- Education: University of California, San Diego
- Scientific career
- Workplaces: Planetary Science Institute University of British Columbia
- Thesis: The geomagnetic field over the last 5 myr from lava flows, and properties of the Venusian lithosphere from Magellan data (1994)

= Catherine Johnson (scientist) =

Planetary scientist

Catherine L. Johnson is a planetary scientist known for her research on the magnetic fields of planets including Mercury, Venus, Earth and its moon, and Mars. In 2023, she was elected to the National Academy of Sciences.

== Education and career ==
Johnson has B.Sc. from the University of Edinburgh (1989), and earned a Ph.D. in geophysics from Scripps Institution of Oceanography, University of California, San Diego in 1994. Following her Ph.D., she was a postdoctoral researcher at Carnegie Institution for Science until 1997, at which point she joined the IRIS Consortium where she worked until 2001. From 2001 until 2006, she worked at Scripps Institution of Oceanography and then she moved to the University of British Columbia. In 2010, she joined the Planetary Science Institute.
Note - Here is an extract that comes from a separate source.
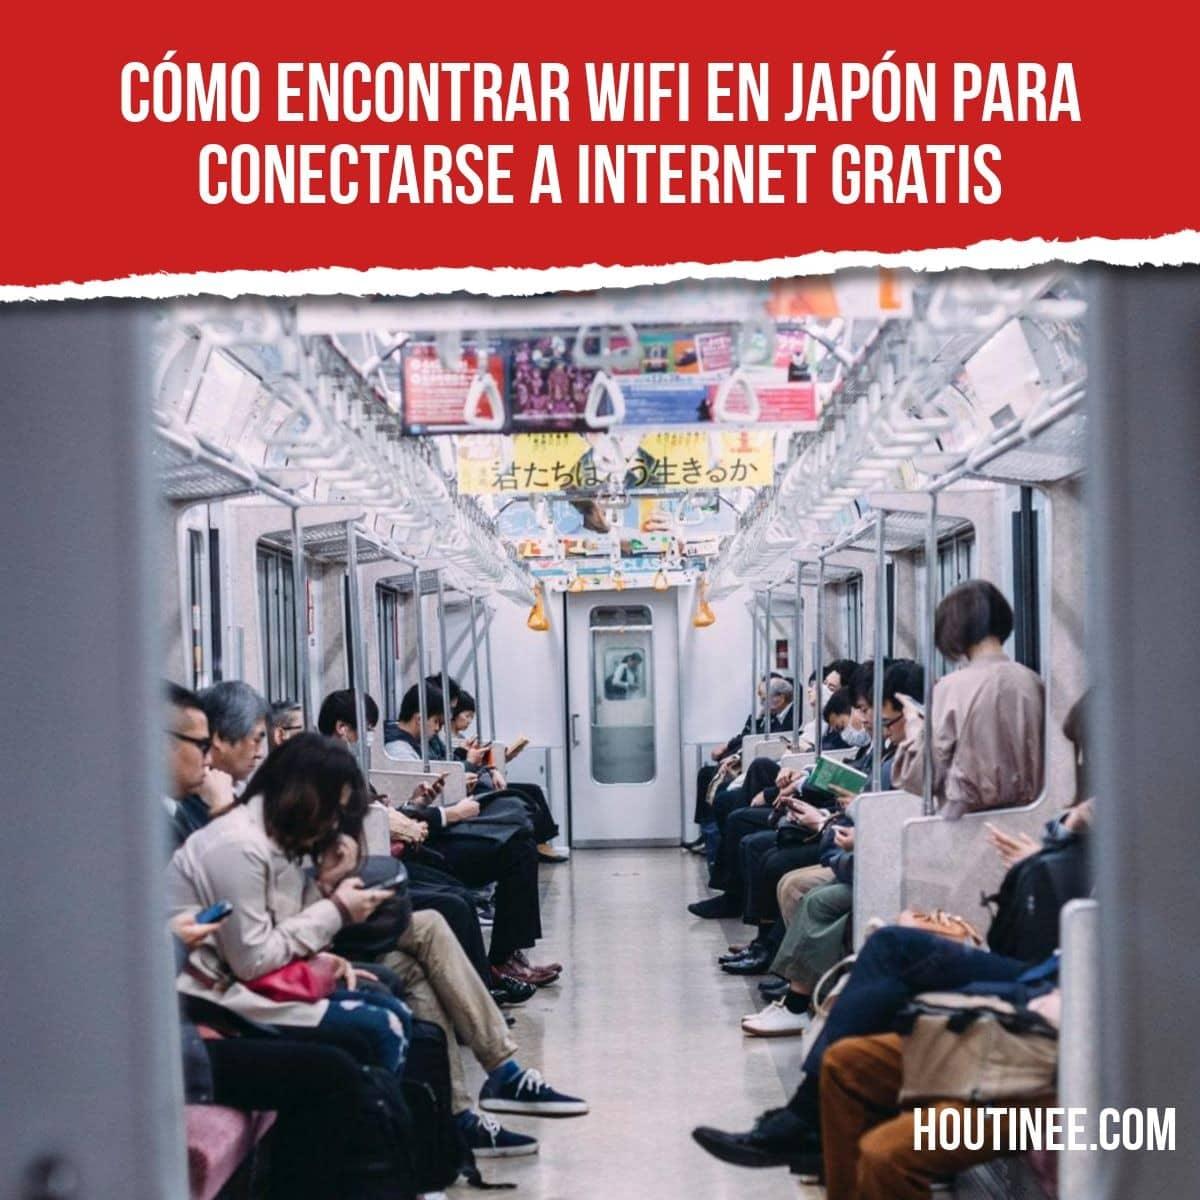 Cómo encontrar WIFI en Japón para conectarse a internet gratis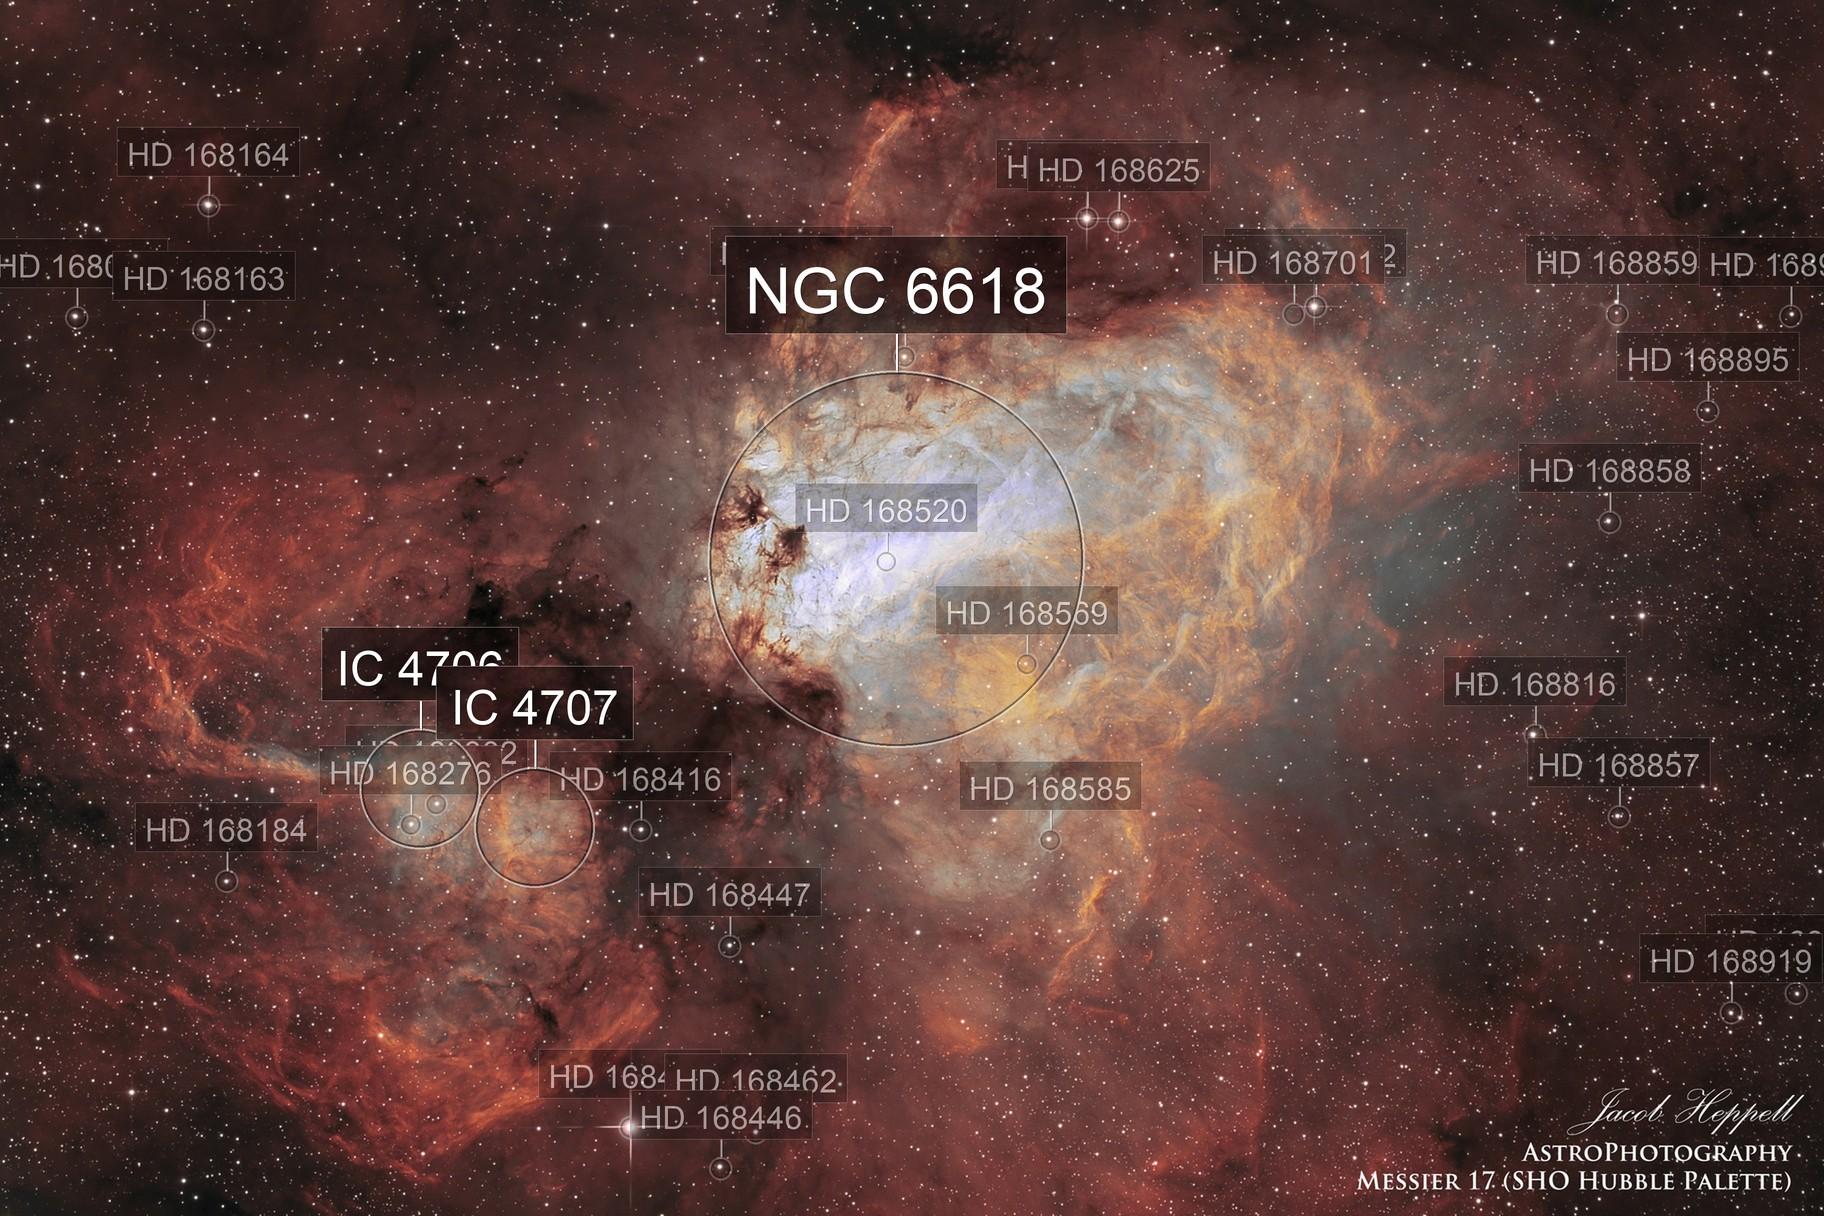 Messier 17 in SHO Hubble Palette

In 2013, Johnson was elected a fellow of the American Geophysical Union who cited her "for significant contributions to understanding the magnetic fields and interior structures of the Moon and terrestrial planets".

From 2019 until 2020, Johnson was the president Geomagnetism, Paleomagnetism and Electromagnetism section at the American Geophysical Union.

== Research ==
Johnson is known for her research on magnetic fields of planets, and how they change over time. She uses chemical signals stored in lava flows to track changes in Earth's magnetic field, which includes lava flows sampled in locations such as the Azores. Her research on Mercury used the MESSENGER space probe to make observations of Mercury's magnetic field. On Mars, Johnson tracks variability in Mars' magnetic field over time and uses the Mars Orbiter Laser Altimeter to track the topography of Mars' northern polar cap. Johnson's research on Mars uses first magnetic sensor placed on Mars, part of the InSight lander, to reveal small scale details about Mars' magnetic field which was stronger than expected based on previous measurements using satellite data. Johnson is the only Canadian involved in the InSight mission, which is led by the United States' National Aeronautic and Space Administration (NASA).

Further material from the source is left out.